As we are having to defend our actions to our doctors with respect to MU hardship deferral despite going through multiple upgrades to get ready, I am getting lots of follow up questions even to the point of "Why are we still a GE customer?" from our doctors. While I would dread going to another vendor but more and more of this stuff is driven by factors outside of my control and if that day ever comes it will not be my decision at all. I really enjoy working with Centricity, sharing experiences here on the forum, etc but as unlikely as that scenario is I really do have a question in my head about CQR and why it is implemented the way it is.

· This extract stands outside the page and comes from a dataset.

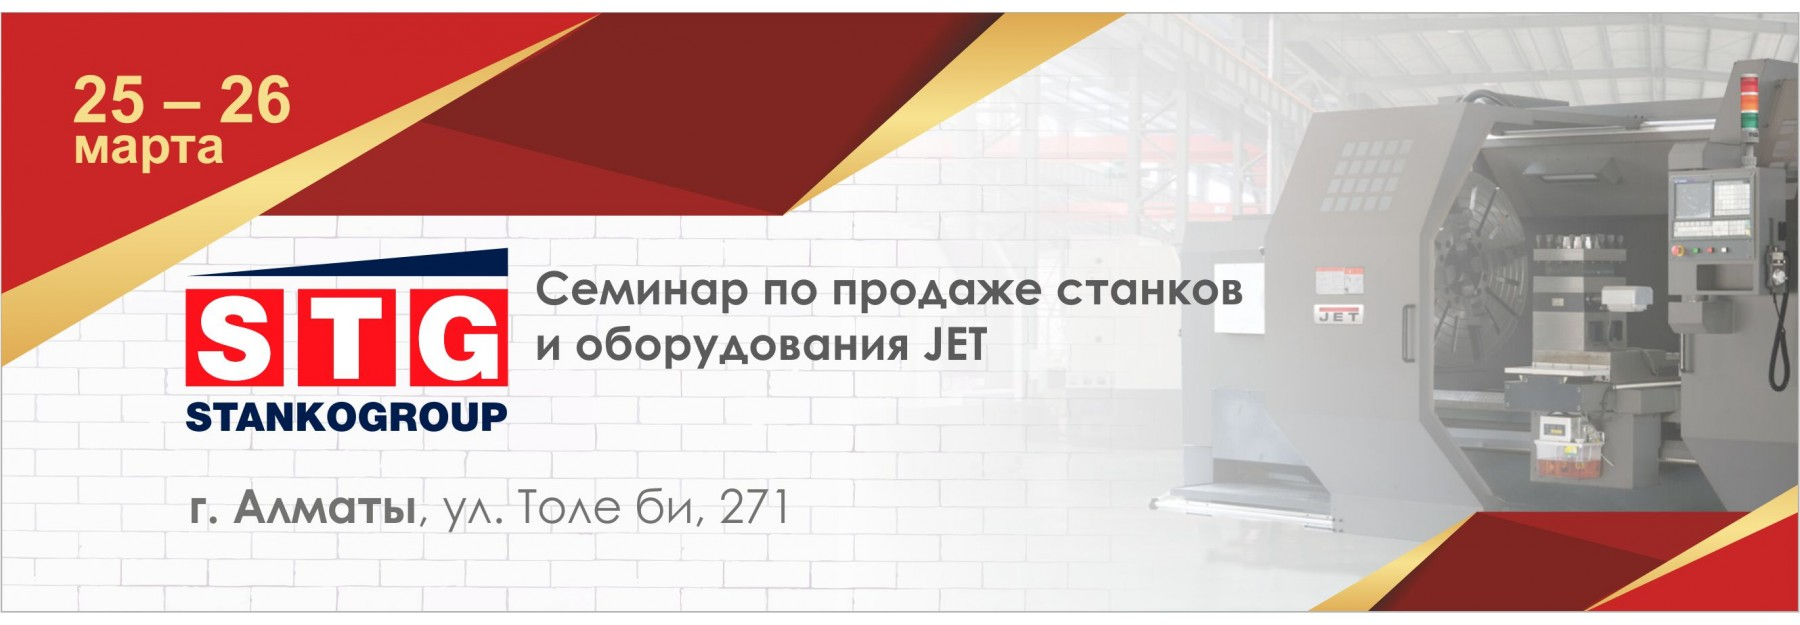 Семинар по продаже станков и оборудования JET

I know lots of people seem to be "cloud crazy" these days and think that it is best for everyone to have cloud based services with no regard to your existing infrastructure, you city/town's internet infrastructure, etc. Unfortunately when these services don't work, malfunction, or if your internet goes down, WE (the IT department look bad) which can translate to lower raises/bonuses if you are even lucky enough to still get them in a shrinking healthcare IT economy. If you don't get regular raises/bonuses the next step is worrying about still having a job. We spent real money to get this to work and the fact that this stuff isn't working is making us explain things which we have no control over. So my question is, why are we pushing large amounts of data to GE so it can be processed "in the cloud" along with hundreds of other clinics instead of locally on my VMWare HA cluster then pushed to the Government and/or GE? I understand if GE wants to de-identify the data and get some use/benefit/$$ from it or whatever, but I would rather that be a secondary benefit to this whole process with the primary part occurring on a server here at my clinic. We have a fully staffed IT department with a state of the art data center which does not really stay busy 24/7 so it would be possible to process this stuff every night and weekend (6pm-6am+Sat+Sun=108 hours/week for us is idle CPU/SAN time).
I have a successful cloud backup solution which I set up myself along with my ISP/WAN provider and it is up 99.999 of the time. In the event that private circuit is down I can drive to the ISP if I needed a backup bad enough. I designed it that way purposely for peace of mind. My internet connection is not up all the time although it is very reliable. Even though it is reliable, the backbone may be down at times and my ISP can't even control that. If I lived in a city where I could negotiate a SLA with an ISP for Internet service, I would expect that cost to be astronomical, as would paying a monthly recurring bill to a secondary ISP to keep this up but it would be the right thing to do for business class cloud services. All of that is a moot point right now with CQR not working so I keep wondering to myself, why did they do it this way? Why don't we have a choice to do this on an additional server at the clinic and eventually send the results to the government and GE if they also need a copy for some reason?
In my case my doctors really don't want to hear an explanation about why something isn't working-they just want it to work, and currently this situation making us look like we don't know what the heck we are doing. My doctors are not techie enough to understand things like SLA, internet backbones, private WAN technology, etc. but they do understand that we may miss some incentive or get less money.
Am I crazy to think this could have been done differently?